While he valued play and leisure, and was of course in the entertainment business himself, Dickens also shared a deep commitment to what is usually termed the Victorian ‘Gospel of Work’, as expounded by writers such as Thomas Carlyle and Samuel Smiles. Thus David Copperfield asserts that ‘whatever I have tried to do in life, I have tried to do well; that whatever I have devoted myself to, I have devoted myself to completely; that, in great aims and in small, I have always been thoroughly in earnest’ (ch. 42). The emphasis on ‘earnest’ endeavour includes a host of work-related ideals such as self-discipline, seriousness and self-sacrifice, all of which are extolled as transcendent ideals by writers such as Carlyle and Smiles. Excluded in this severe Puritan work ethic, as many commentators have noted, are notions of play and pleasure, which are often lumped together in the excoriated term ‘idleness’. Some of the contradictions in the Victorian attitude to work are played out in Hard Times, where Dickens pronounces that the English should not have to be always working but has trouble creating a compelling alternative that values play and leisure. Dickens can understand the working-class love of ‘amusements’ in such essays as ‘Amusements of the People’, but his novels place most emphasis on work and duty.

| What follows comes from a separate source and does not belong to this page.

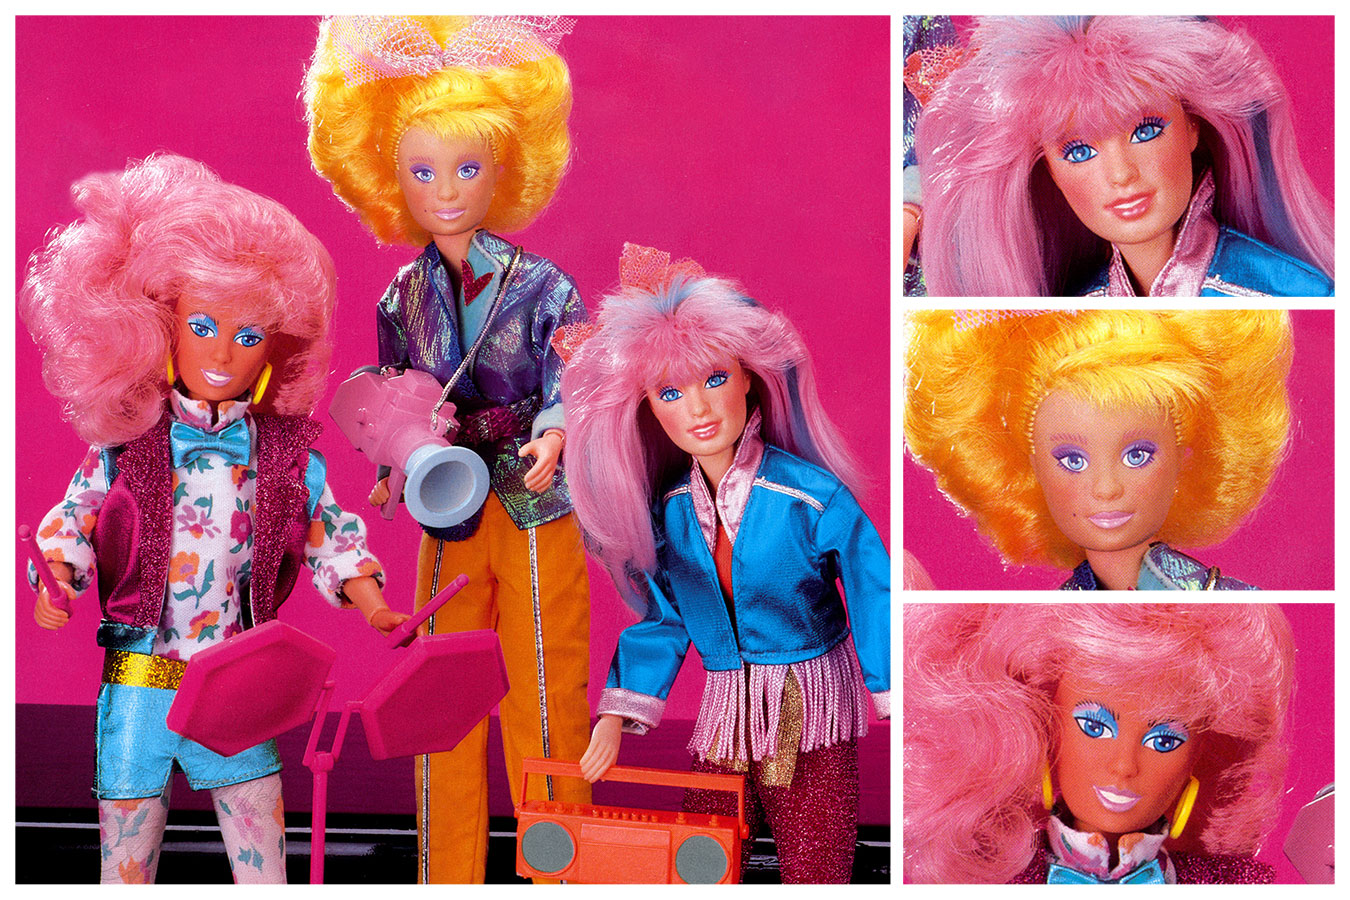 The Holograms 4005, Danse, Video, and Raya 1987 -- images from 1987 Hasbro Toy Fair Catalog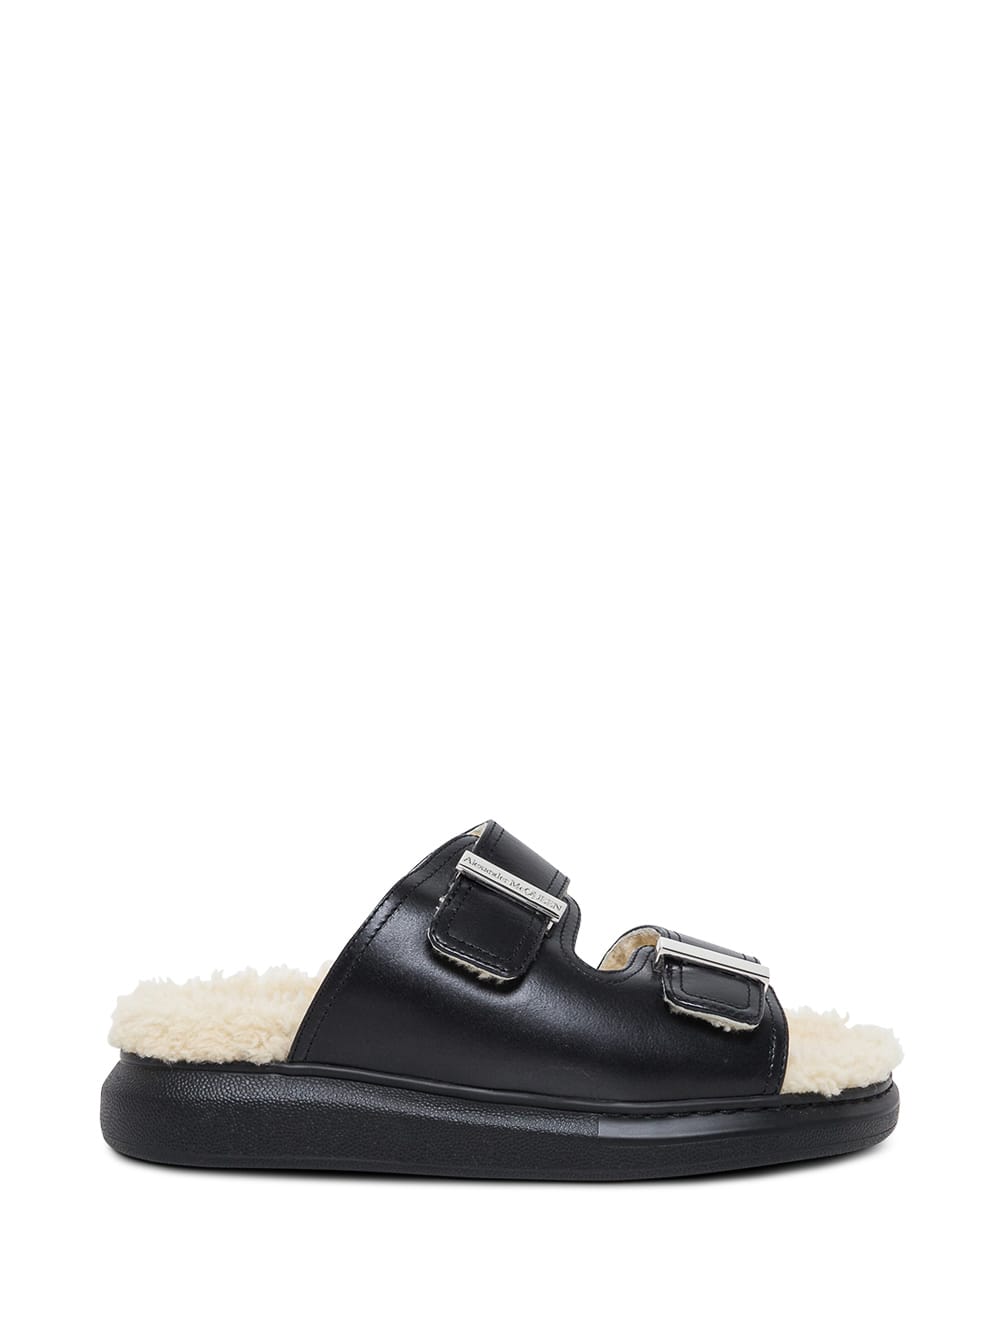 Alexander McQueen Leather And Shearling Black Sandals

Dickens’s personal attitude expressed in his correspondence suggests that his practical experience of work did not always align with some of the more idealistic public pronouncements of Carlyle and Smiles about its ennobling and sanctifying effects. In his letters he expresses a desire to relax, but also a relentless work ethic that made it difficult for him to rest without feelings of guilt because of his ‘idleness’. He frequently complains of not getting enough work done (even though his rate of productivity was phenomenal) and writes that ‘I have now no relief but in action. I am become incapable of rest. I am quite confident that I should rust, break, and die, if I spared myself. Much better to die, doing.’6 In such a formulation, rest and idleness are the functional equivalent of death, and life is equivalent to work. Despite Sleary’s pronouncement that people cannot always be working, Dickens felt personally that he had no choice in the matter and could not indulge in more ‘play’. In another letter he complains that ‘I did intend to be as lazy as I could through the summer, but here I am with my armour on again’, figuring his writing as a sort of manly combat, echoing Carlylean notions of work as a struggle against ‘idleness’.7
The other aspect of Dickens’s fiction that concerns work has to do with small-scale production and commerce, especially that found on the streets of London. Henry Mayhew in London Labour and the London Poor documented the dizzying array of vendors and services available on London streets, and the same diversity is to be found in Dickens’s fiction. The range of labour figured in Dickens’s novels is as vast as that documented by Mayhew, with such figures as Jo the crossing sweeper (Bleak House), Cruncher the bank messenger (A Tale of Two Cities), Brogley the dealer in second-hand goods and Joe the wharf labourer (Dombey and Son), Jemima Evans the straw-bonnet maker (Sketches by Boz), Fascination Fledgby the moneylender (Our Mutual Friend), Bullamy the porter (Martin Chuzzlewit), Cheggs the market-gardener (The Old Curiosity Shop), Conkey Chickweed the public-house owner (Oliver Twist), Mrs Chivery the keeper of a tobacco shop (Little Dorrit), Tom Cobb the chandler (Barnaby Rudge), Short and Collins the owners of a Punch and Judy show and Grinder and his travelling stilt act (The Old Curiosity Shop), Deputy the boy servant at a lodging-house (although all the boys employed there are called Deputy as their individuality is subsumed by their labour), Durdles the stonemason (The Mystery of Edwin Drood), Mrs Dilber the laundress (A Christmas Carol) and so on. There are also more clerks, lawyers, curates, doctors and minor bureaucrats thronging the pages of Dickens’s novels and journalism than can be enumerated in this space. This range of occupations gives Dickens’s imaginative universe its sense of depth and breadth, but it also shows the problem that can be encountered when trying to classify Victorian society, as Mayhew attempted, under the rubric of ‘work’. Many read the social history of Britain in terms of large-scale industry, but it was also characterised by small-scale production by individuals and family businesses.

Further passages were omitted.